As I write this, we have just officially entered autumn of 2022!
In Japan, this was marked by 秋分の日 (shuubun no hi): Autumnal Equinox Day, which this year took place on Friday 23rd September. I actually held an event to celebrate this day and its traditions last week, which is something I think I'll do again next year. Find out more here.
If, like me, you're enjoying settling into the cooler weather and spotting the odd autumn leaf starting to show its colours, I hope you'll enjoy today's intro to some great autumn foods I think anyone visiting Japan at this time of year should try. As a special bonus, I've even included some recipes for in case you want to try making some of these foods yourself!

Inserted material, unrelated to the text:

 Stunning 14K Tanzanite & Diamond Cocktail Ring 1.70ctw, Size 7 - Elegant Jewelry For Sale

In no particular order, here are the foods we're going to be talking about. Feel free to click the links below if you'd like to jump directly to any part of this post:
1. 栗 (kuri)
栗 (kuri), or chestnuts, are a fairly common sign in Japan at this time of year.

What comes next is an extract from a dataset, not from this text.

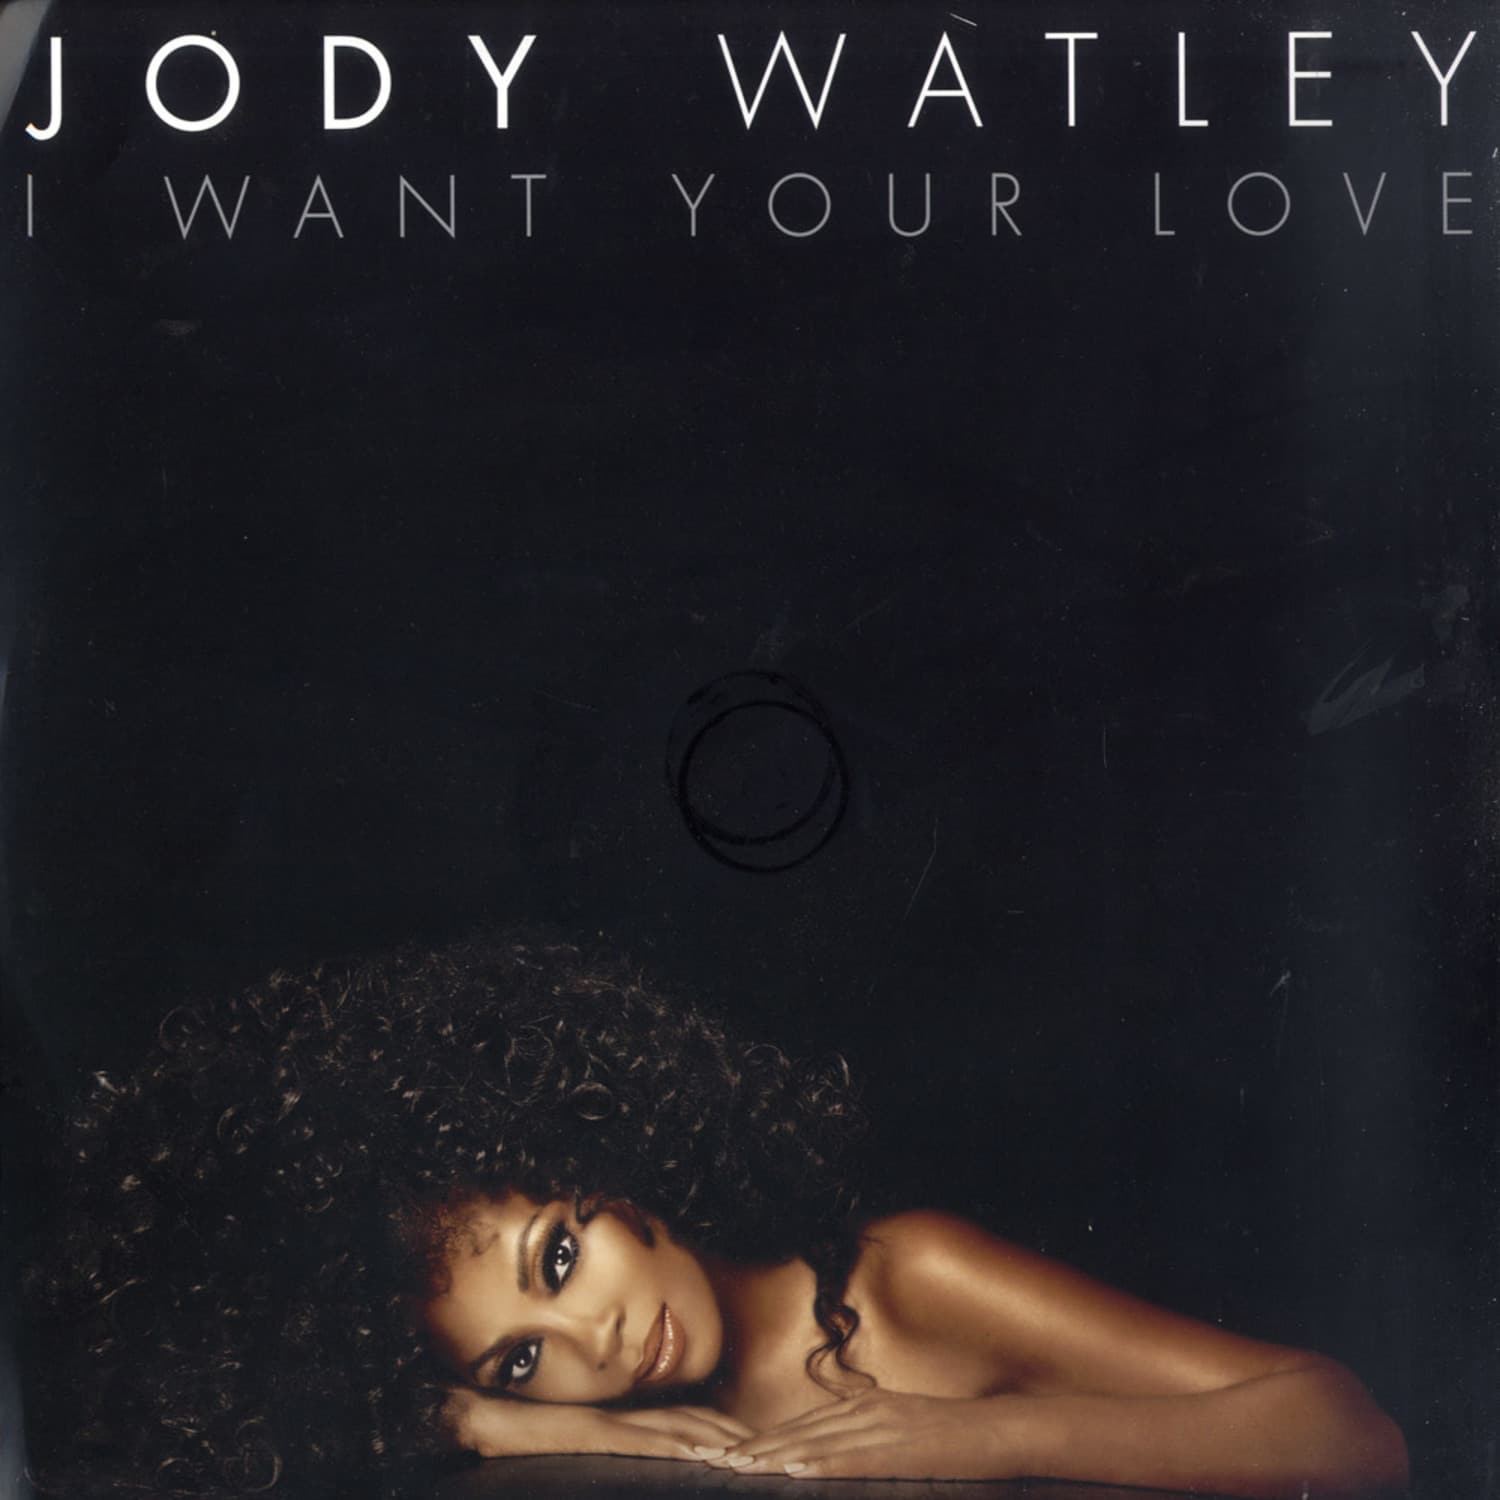 Jody Watley - I WANT YOUR LOVE

While you may even spot 栗 (kuri) being sold in supermarkets, my favourite place to find them is along the side of 商店街 (shōtengai): shopping streets that form a key part of daily life in many Japanese towns and cities.

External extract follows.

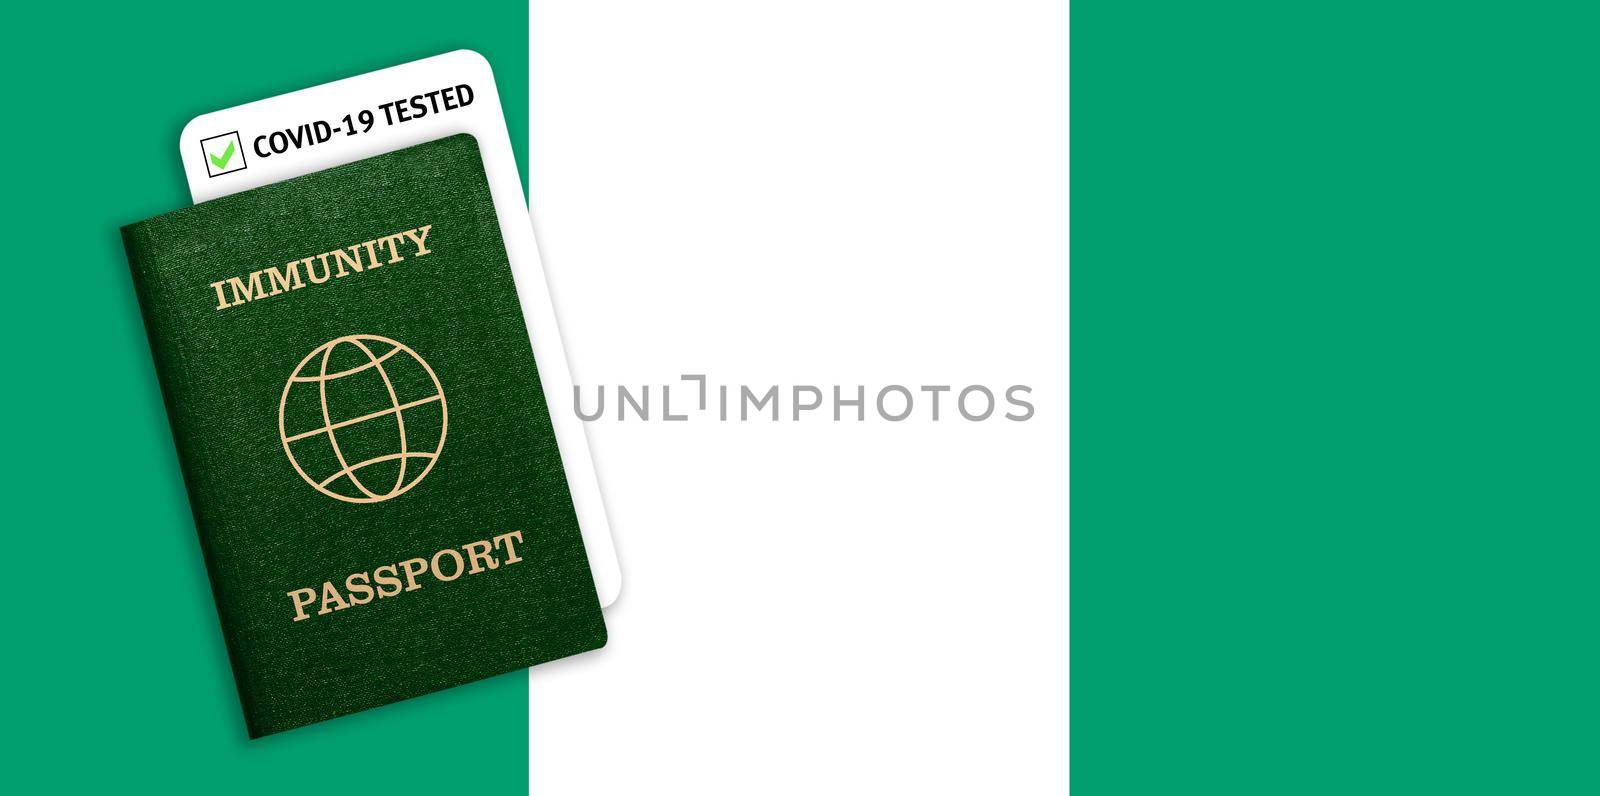 Immunity passport and test result for COVID-19 on flag of Nigeria by galinasharapova

- Fun fact: did you know that Japan's longest 商店街 (shōtengai) is Tenjinbashisuji Shōtengai in Osaka? This single street stretches a whole 2.6km, boasting over 600 shops along its length! Find out more here.
Depending where you're from, 栗 (kuri) might not sound like a particularly unusual snack, but I always really enjoyed picking a red paper bag of these up on my way home from work while living in Osaka.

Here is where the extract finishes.